教育時事

【コロナ禍】コロナの休校でオンライン授業について改めて感じた事!小学校教員としての現場感

ようやく分散登校も終了して、通常登校、通常授業が行われるようになってきました。オンライン授業、分散登校、通常登校に移り、感じたことを今日は書いていきたいと思います。今まで当たり前にしていたことが当たり前にできなくなった状況だったからこそ改めて感じることができた感覚でした。

オンライン活用について感じた事 7選

日常授業をしながらコンテンツを配信するのは多分ムリ・・・

これは休校中にオンラインコンテンツを作っていて感じたことです。
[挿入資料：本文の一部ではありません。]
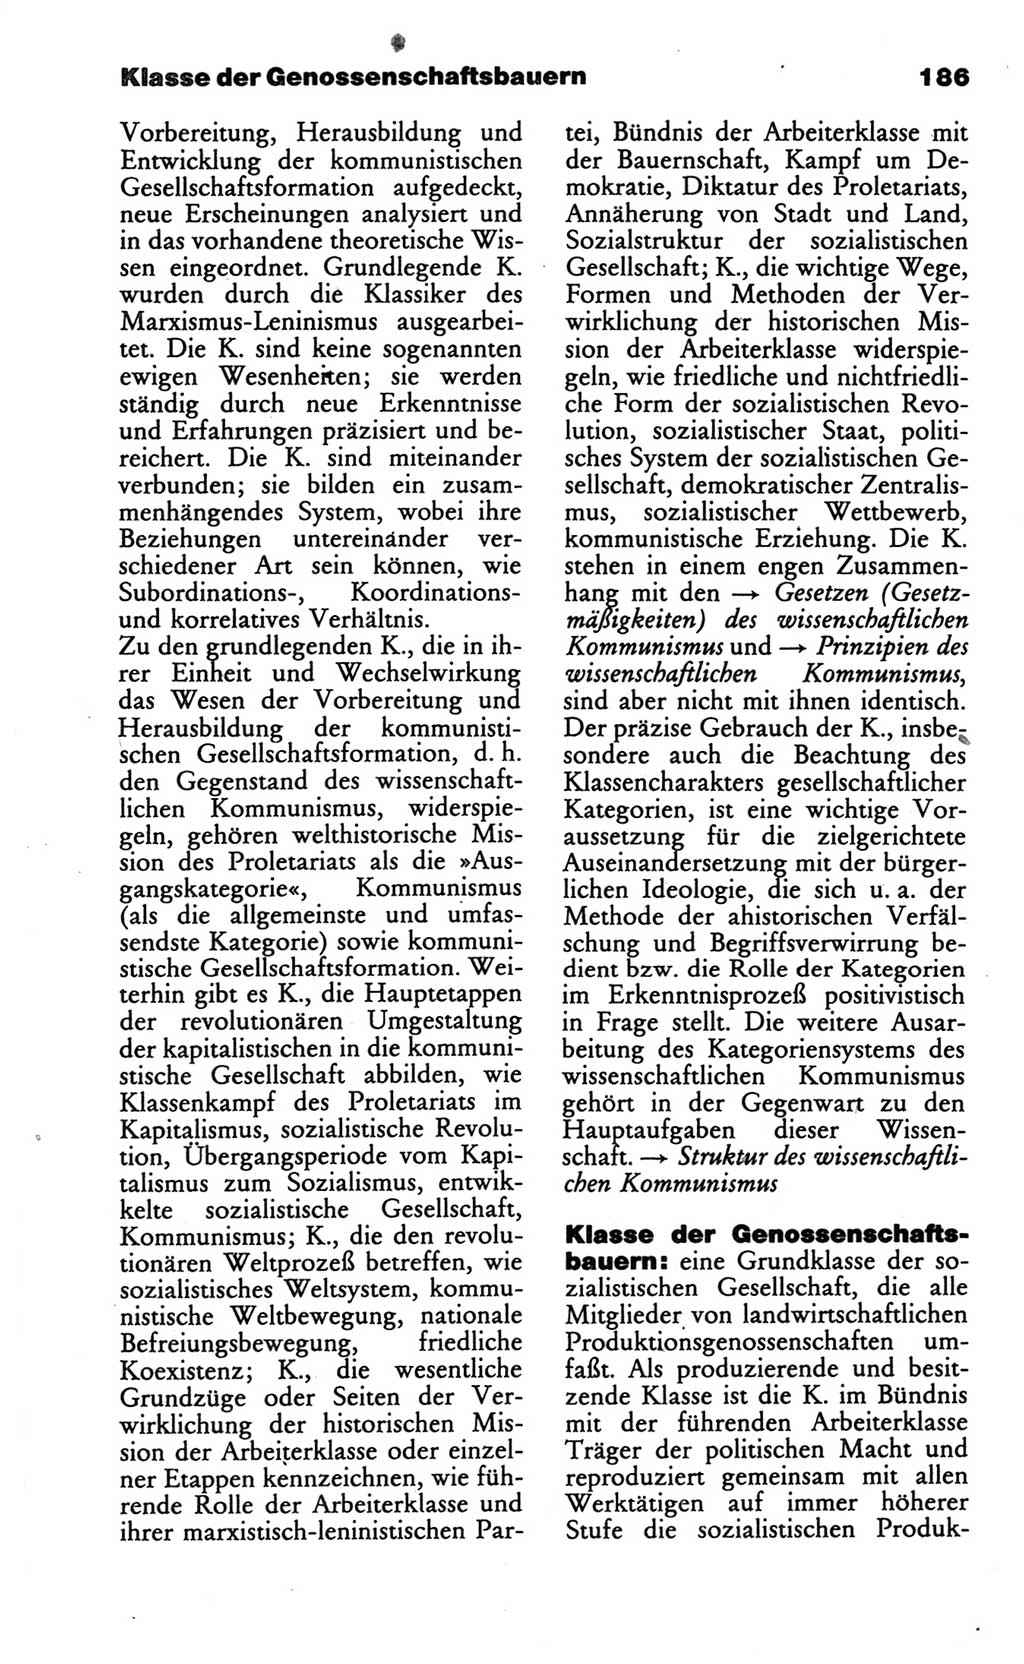 Wörterbuch des wissenschaftlichen Kommunismus [Deutsche Demokratische Republik (DDR)] 1986, Seite 186 (Wb. wiss. Komm. DDR 1986, S. 186)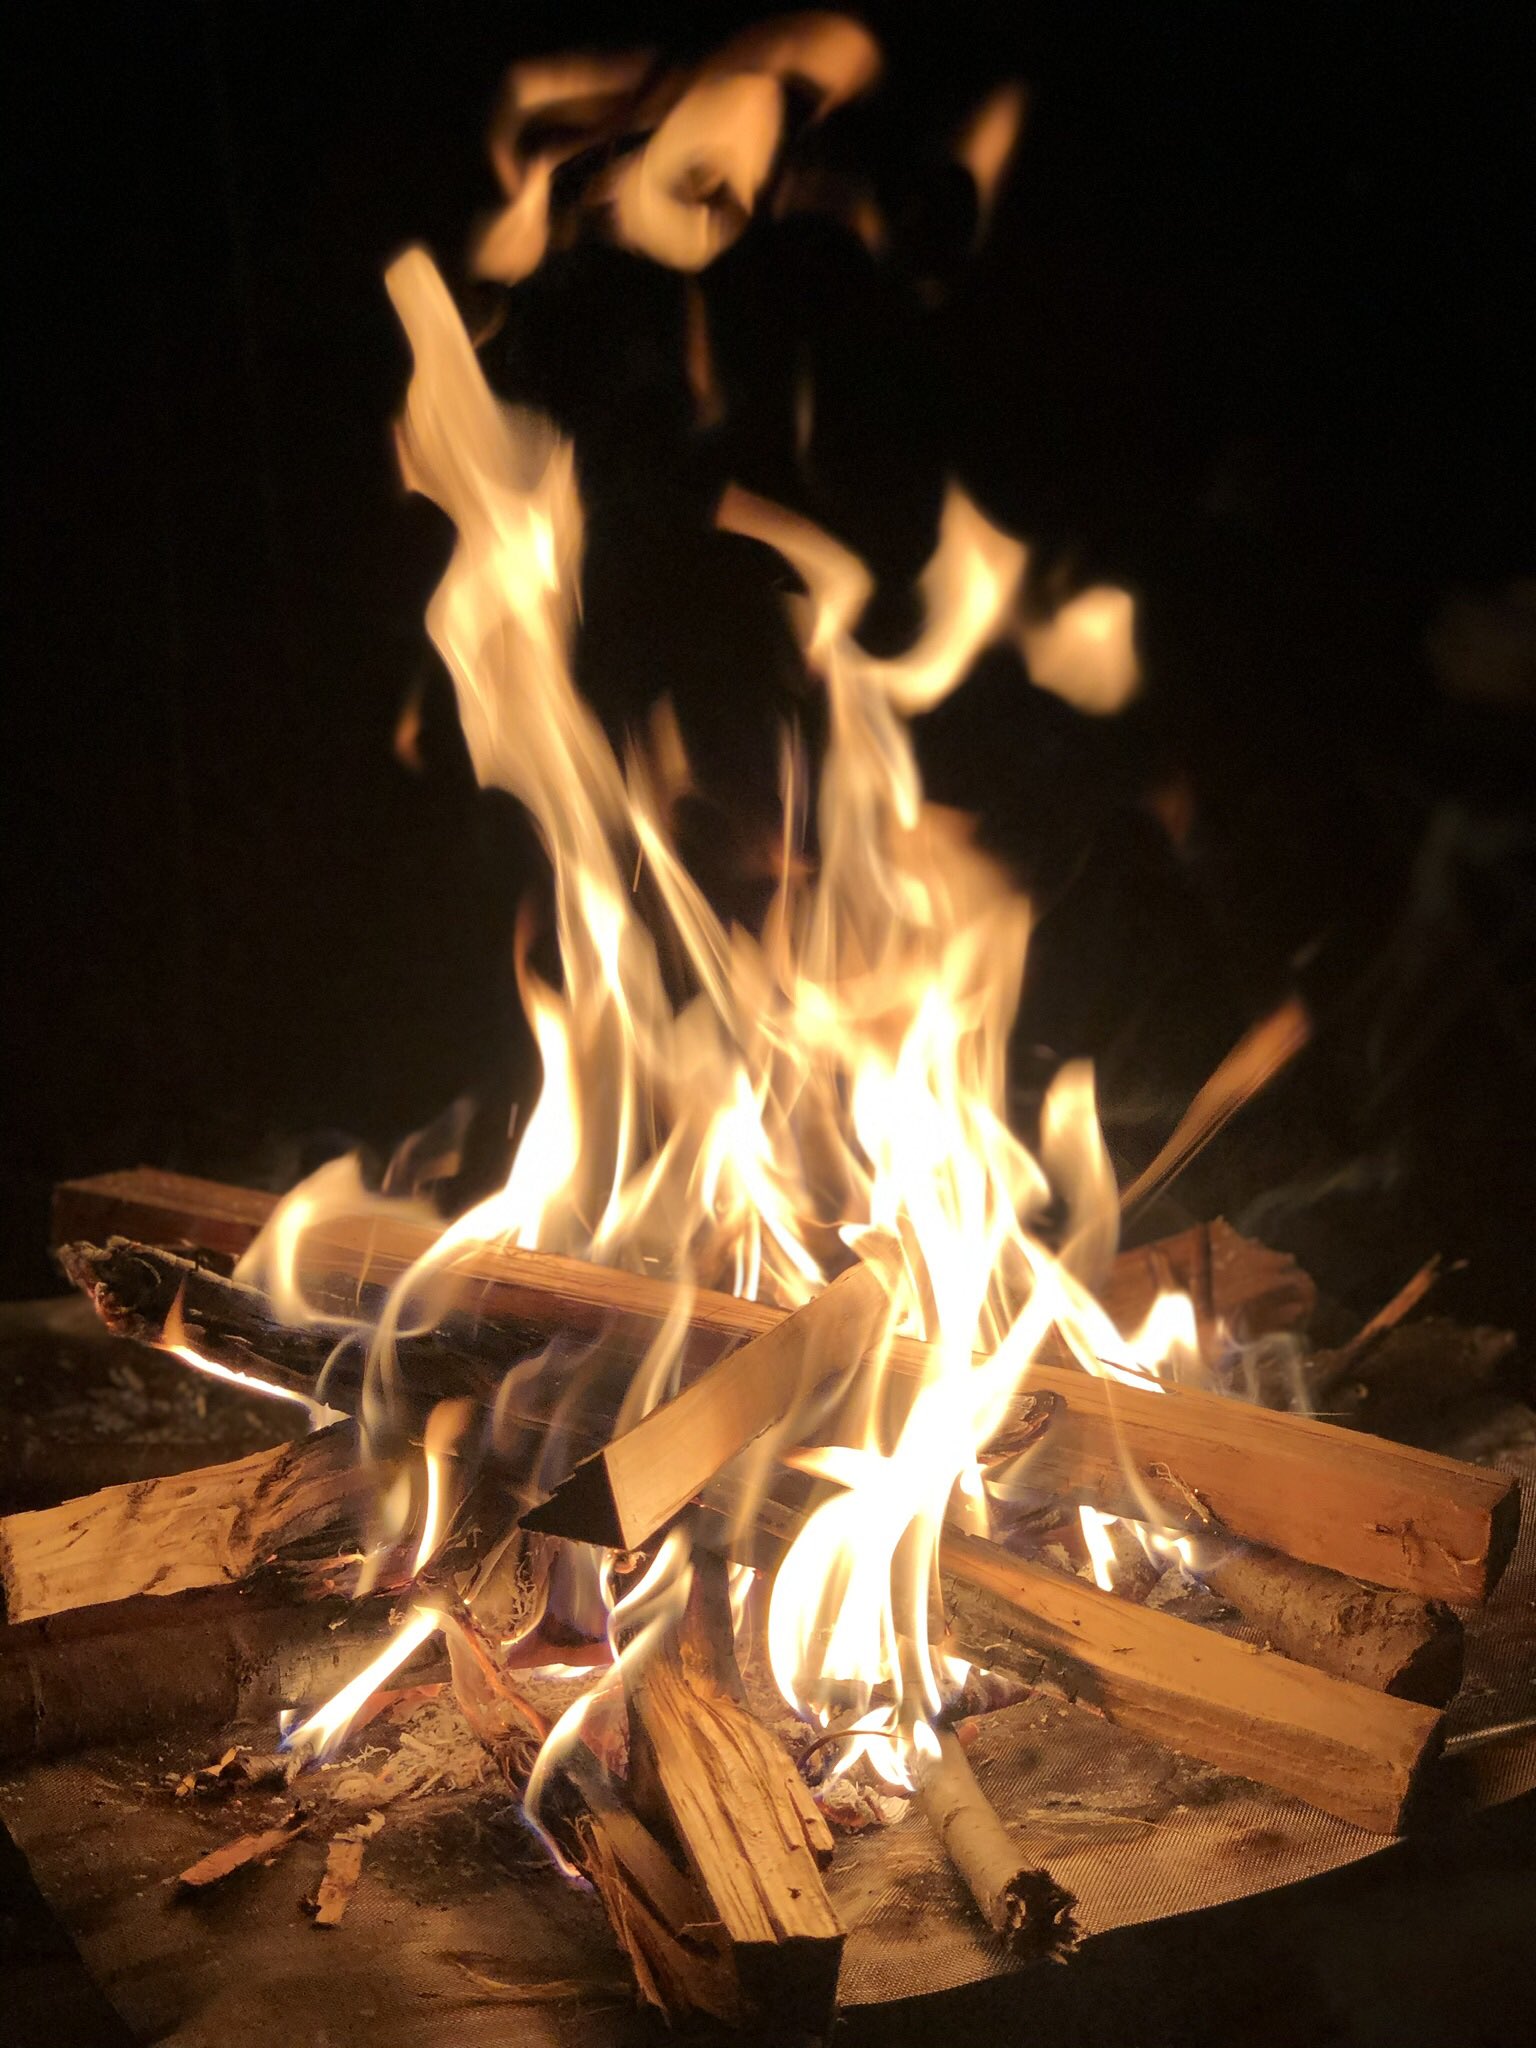 はっさく なかなかキャンプに行けず ひとます私のお気に入りの焚き火写真置いときます Iphoneのカメラも優秀です 最近はiphoneの壁紙に設定して癒されています キャンプ キャンプ好きと繋がりたい 焚き火 T Co Nzz4f40qju Twitter

私の場合、3月から5月半ばまでで個人として作成したオンラインの学習コンテンツは30本以上あります。

これらのコンテンツは、授業の配信というよりもテキストの内容をイラストや音声を付けながら、実際に授業でしゃべるような口ぶりで動画にしていました。それに加えて、計算のコンテンツなども作っていました。計算コンテンツをブログ用にも作成したものは過去記事の通りです。

正直なところ上のようなフラッシュカード的な動画であれば、ベースのパワーポイントさえ作ってしまえば等間隔で動画を投影しながら音声と効果音をいれるだけなのでいれるだけなので、編集から出力まで含めても1つ10分もあれば作成できます。

ただ、テキストの内容を実際の授業のような内容で作成するとなると話は別です。1つの動画は長くても15分ほどですが、これを作成するには3時間以上かかっていたと思います。この1つのコンテンツを作成するための作業は以下の通り。

授業動画ができるまで

  1. 授業の展開を考える!(持っていき方、重要項目の洗い出し等)
  2. 合理的な展開になるようにパワーポイントを作成して、完成したら動画として出力!
  3. スライド1枚ごとにセリフの文章おこしをする!
  4. 動画編集ソフトにデータを入れて、セリフの音声入力と効果音など細かい編集をする!
  5. 完成した動画を自分の学年で回覧して確認してもらう!
  6. OKが出れば、クラスのグーグルドライブにアップして子どもたちへ!

という感じでやっていました。動画として配信するので、日本語のミス、表示のミスなどを起こしてはいけないので神経を使いました。

コロナ中はこのような作業を続けていたのですが、それを続けられていた理由は『子どもが登校していなかったから』と、休校に伴って『例年ある行事の企画や運営に要する時間がなかったこと』です。

日常に近い状態に戻った今もまだ例年と同じような行事は行えていませんが、通常登校が始まった今は、7時前に登校して20時ごろまでは基本的に学校にいる生活に戻りました。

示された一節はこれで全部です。